En revanche, le Conseil d’État est revenu sur la responsabilité du conducteur du véhicule autonome. Très vite écartée en première instance et en appel, il n’en a pas jugé de même :
« Il n’avait pas les mains sur le volant, contrairement aux prescriptions de l’article R. 412-6 du code de la route, ce dernier imposant au conducteur une attitude prudente, d’autant plus dans les zones à fortes densités, comme c’est le cas de la place Bellecour. Par ailleurs, M. Dalleau n’avait pas placé le pied sur la pédale de frein, un geste qui aurait pourtant permis d’éviter le brusque écart de son véhicule, surtout qu’il empruntait la zone technologique prioritaire pour la première fois (…). En ce sens, M. Dalleau, aurait dû avoir une attitude particulièrement prudente, afin que l’accident puisse être évité. »
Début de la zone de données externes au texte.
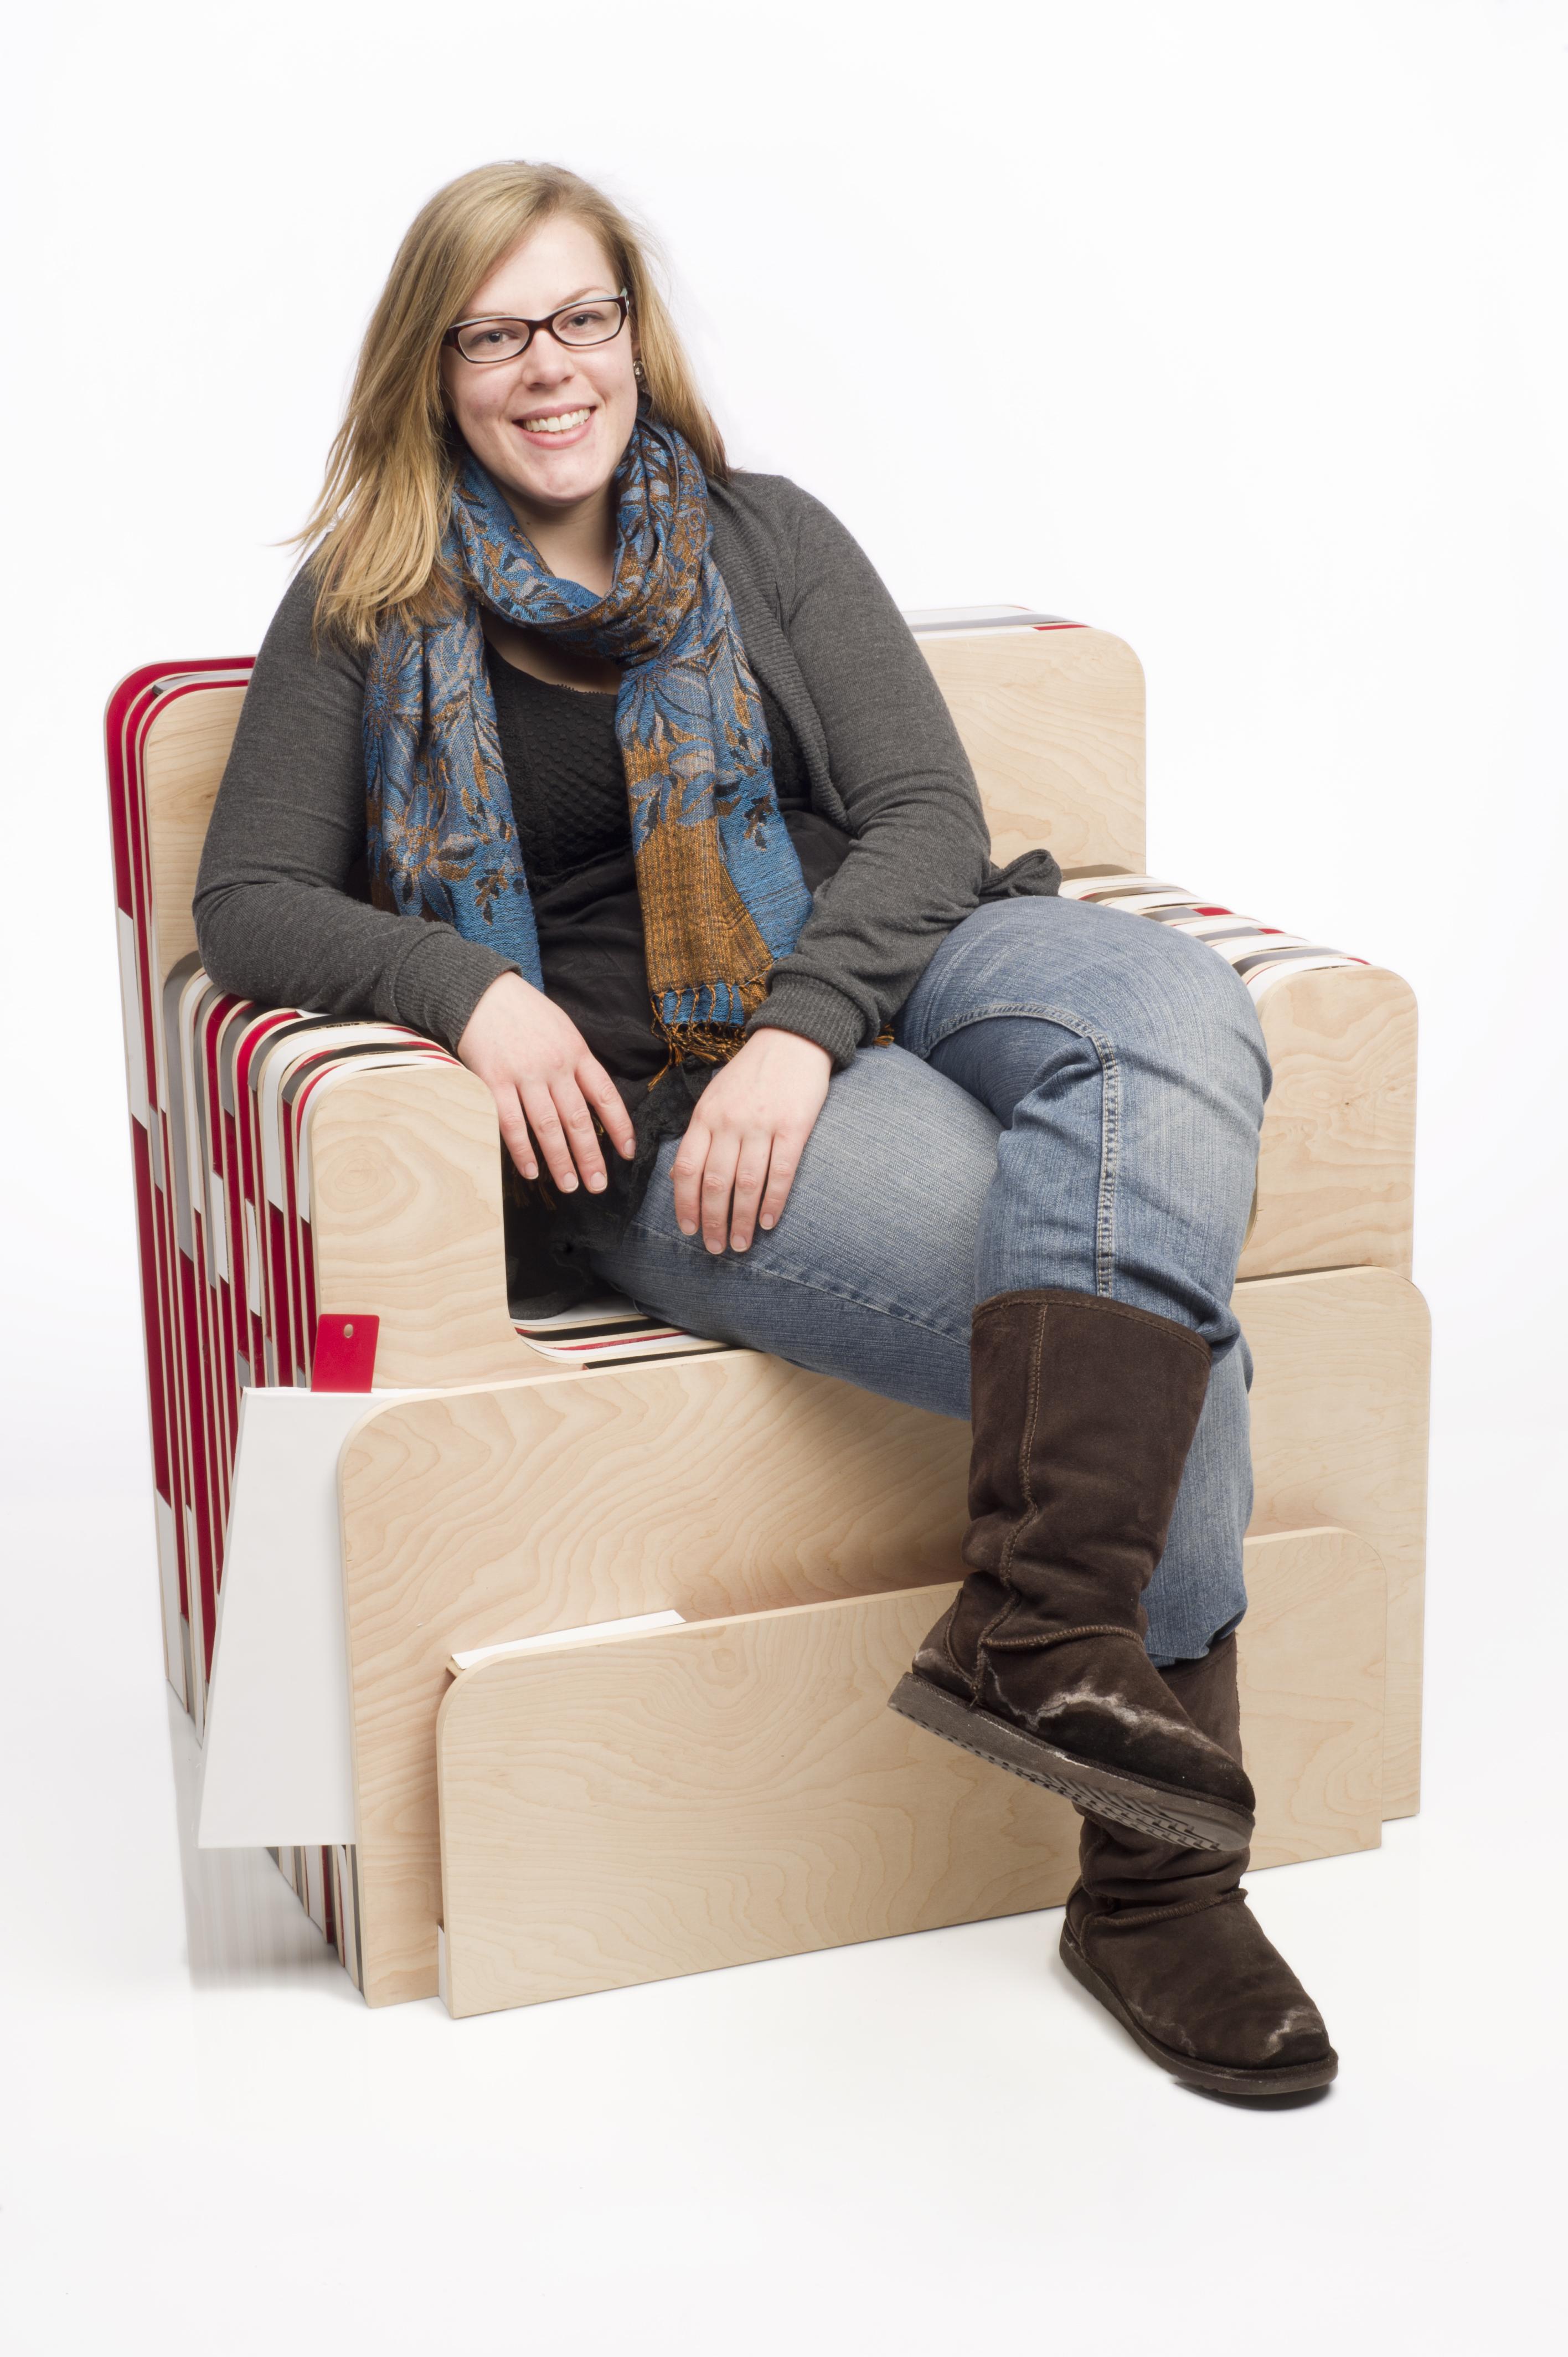 A person uses a wooden chair design mixed with different fabrics.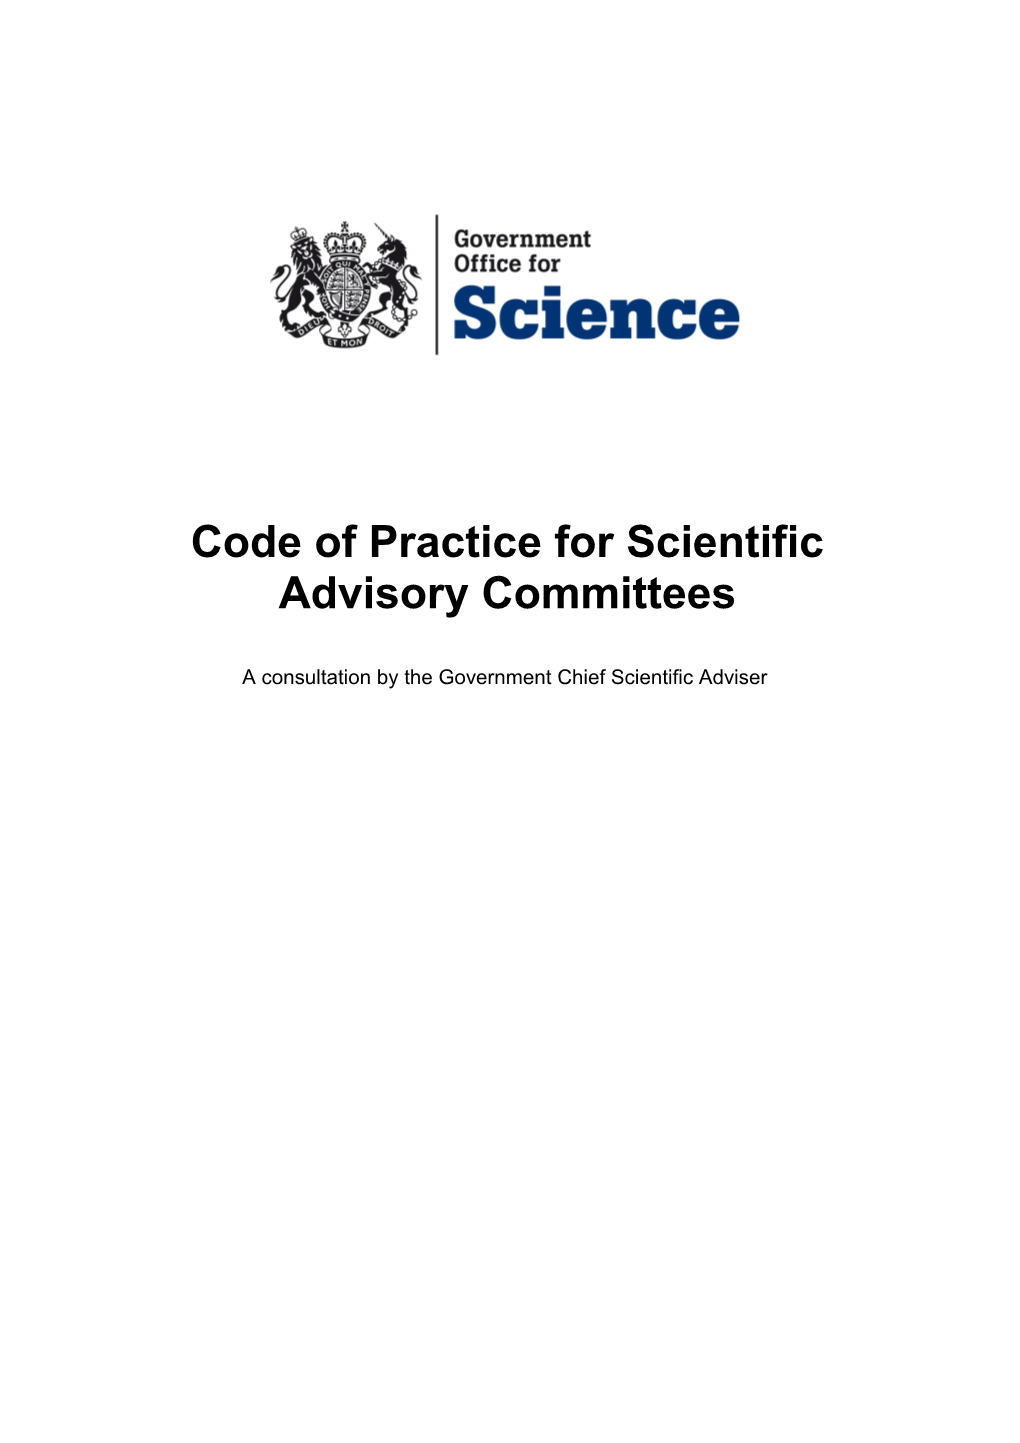 Code of Practice for Scientific Advisory Committees - 2010 Consultation Document

Le Conseil d’État retient donc une responsabilité partagée dans cet accident. Il retient celle du conducteur défaillant à hauteur de 30%. La Ville de Lyon reste donc majoritairement responsable à ses yeux du crash contre le lampadaire de la voiture autonome. Au lieu des 52 000 euros demandés par la compagnie d’assurance du véhicule autonome endommagé, elle n’est plus condamnée qu’à lui verser environ 41 000 euros.